The Department of Trade and Industry will respect a Tariff Commission investigation that recommended non-imposition of safeguard measures on auto imports
The TC found completely built-up passenger cars and CBU light commercial vehicles were not imported in increased quantities
DTI earlier imposed provisional safeguard duties on the vehicles after determining their increased importation caused serious injury to the domestic industry
Trade Secretary Ramon Lopez said his agency would respect the Tariff Commission’s (TC) decision against the imposition of safeguard measures on auto imports.
In its final report released on July 23, the Tariff Commission (TC) said completely built-up (CBU) passenger cars and CBU light commercial vehicles were not imported in increased quantities during the period of investigation covering 2014 to 2020. This being so, TC said “the determination of serious injury or threat thereof, causation, and unforeseen developments has become moot and academic.”
The TC in a July 21 notice also suspended a public hearing on the case after having reached its findings.
Following a request from DTI, the TC last February began a formal investigation on the merits of imposing safeguard duty on imports of CBU passenger cars and CBU light commercial vehicles.
The Bureau of Customs earlier this year implemented a DTI order imposing provisional safeguard duties in the form of a cash bond amounting to P70,000 for each imported passenger car and P110,000 for each imported light commercial vehicle.
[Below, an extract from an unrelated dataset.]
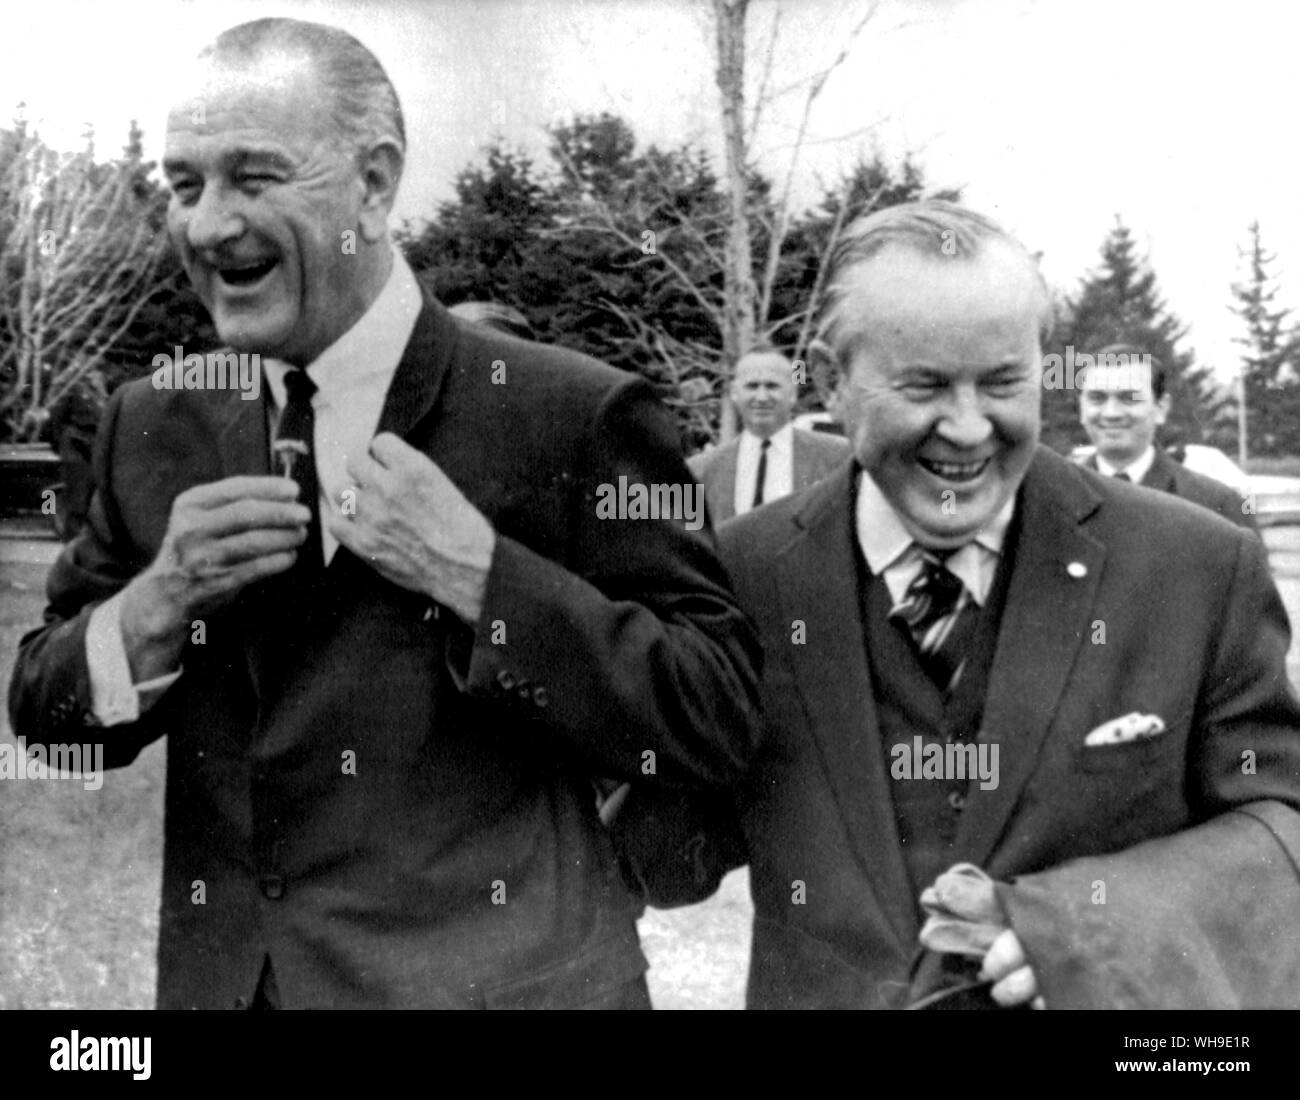 26. Mai 1967: Präsident Lyndon B. Johnson (1908-1973) und der kanadische Premierminister Lester Pearson genießen Sie ein Witz wie Johnson (Präsident der USA 1963-69) eine Narzisse aufhebt und drückt es in seinem Revers. Sie hatten in Montreal, Kanada besucht Expo 67. Stockfoto
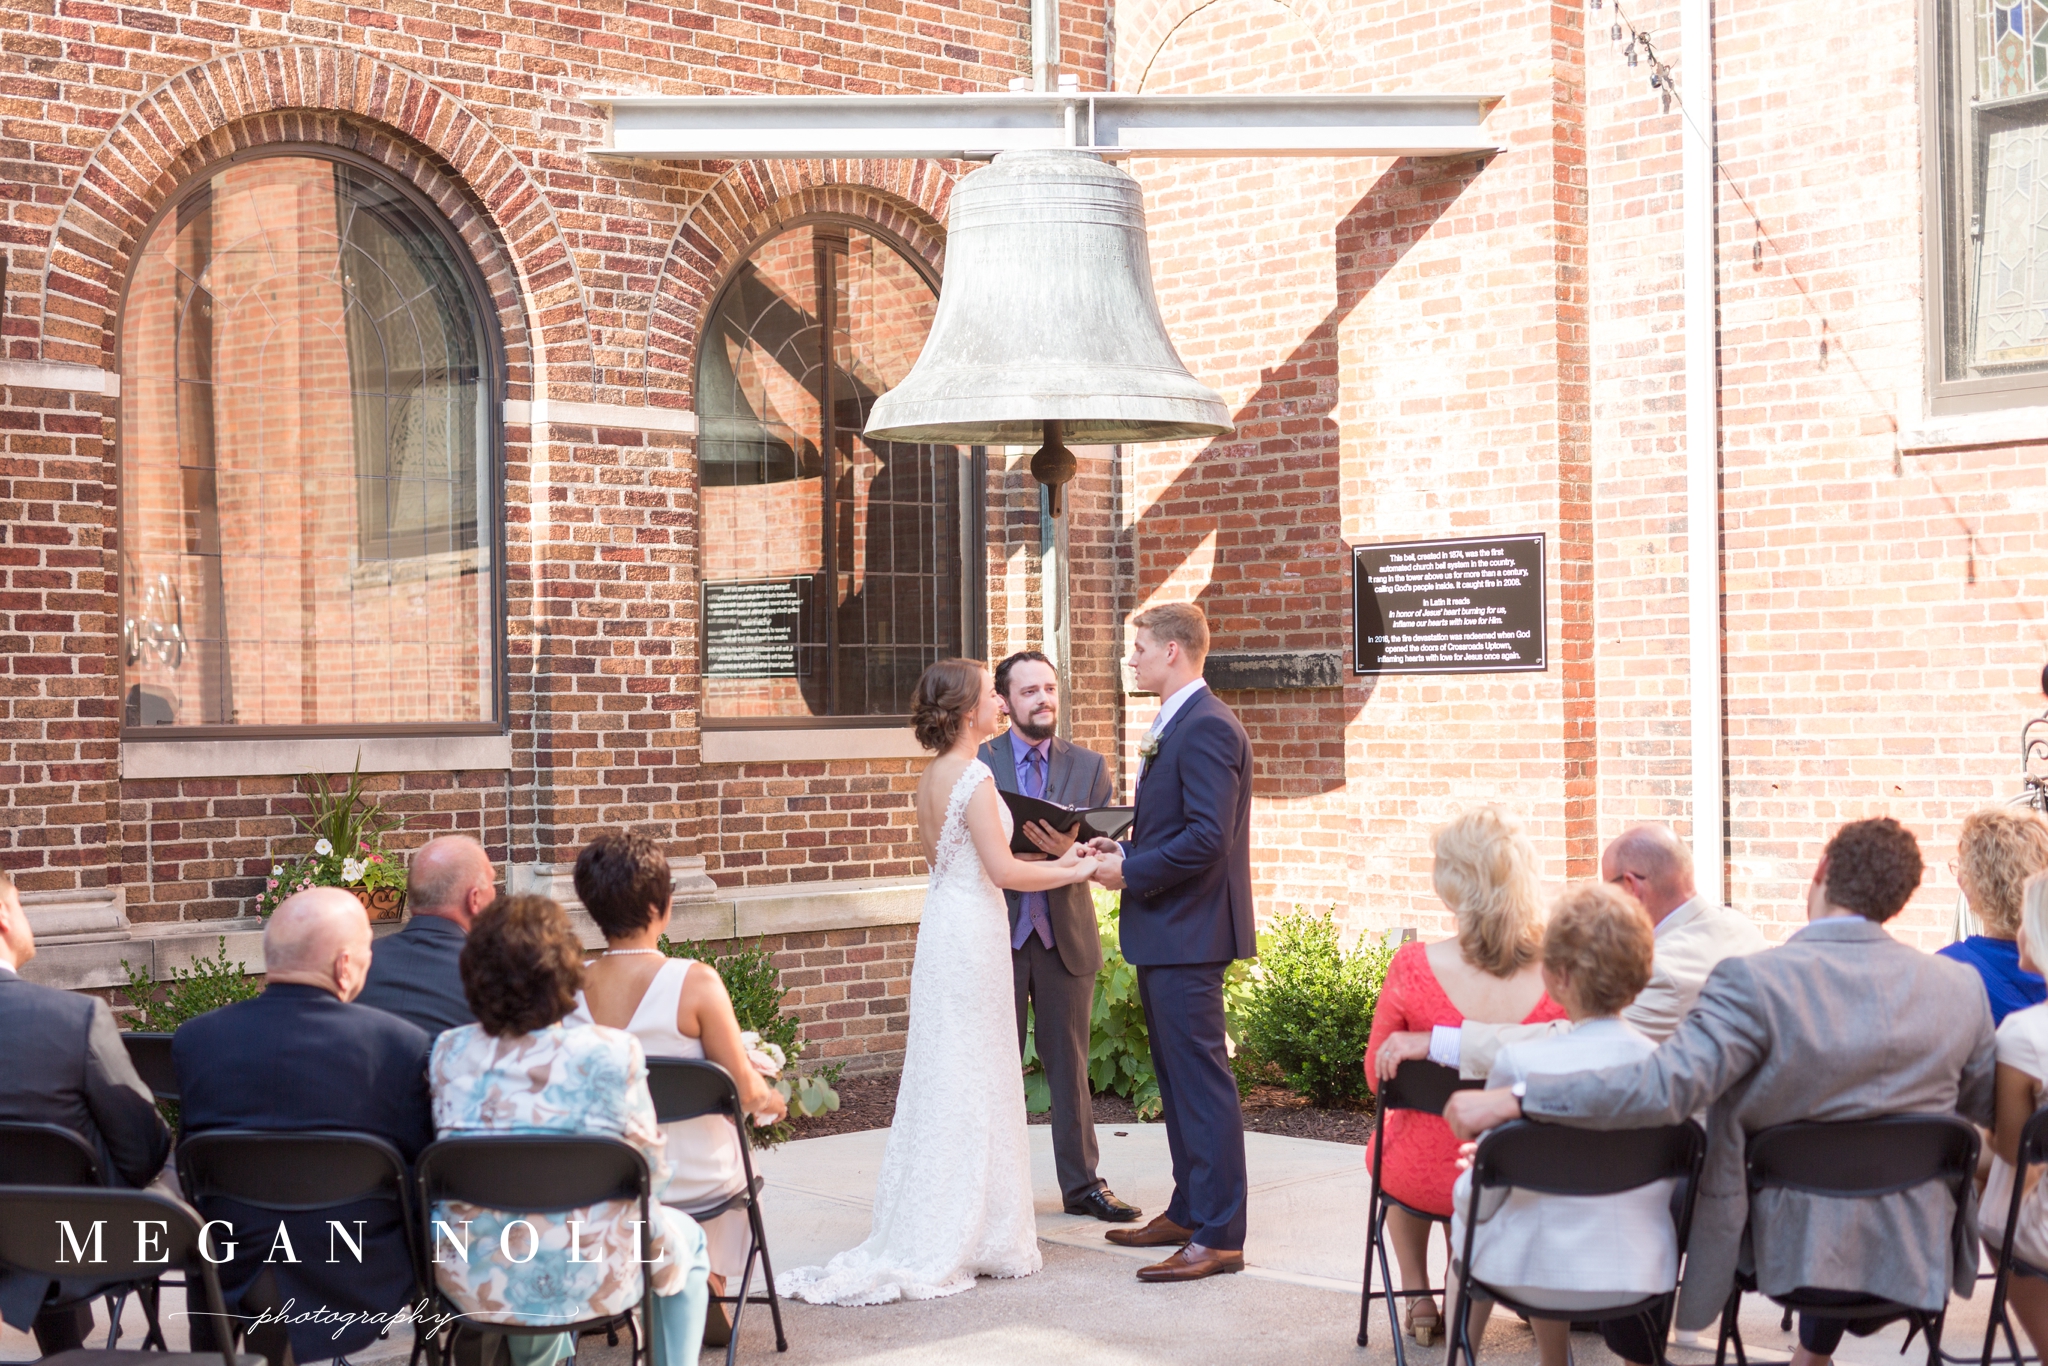 Wedding Ceremony in Courtyard, Outdoor Ceremony Locations in Cincinnati, Crossroads Uptown

DTI in its preliminary investigation found that increased imports of these vehicles caused serious injury to the domestic motor vehicle manufacturing industry.
DTI undertook the preliminary determination for safeguard measures following a petition filed in 2019 by the Philippine Metalworkers Alliance, a national union of automotive, iron and steel, electronics, and electrical sectors, including affiliates composed of key players in the automotive industry.
Under Republic Act No. 8800, or the Safeguard Measures Act, any person, whether natural or juridical, belonging to or representing a domestic industry may file with the DTI secretary a verified petition requesting action to remedy the serious injury to the domestic industry caused by increased imports of a like or directly substitutable product.
DTI’s preliminary determination found that critical circumstances existed where delay in imposing the measure would cause the industry damage difficult to repair.
DTI said the domestic industry suffered declining market shares, sales, and employment even as inventories accumulated. It also sustained increasing losses over the period that affected its cash flows and ability to invest. In addition, it faced excess and increasing production capacity in countries such as Thailand, Indonesia, and China.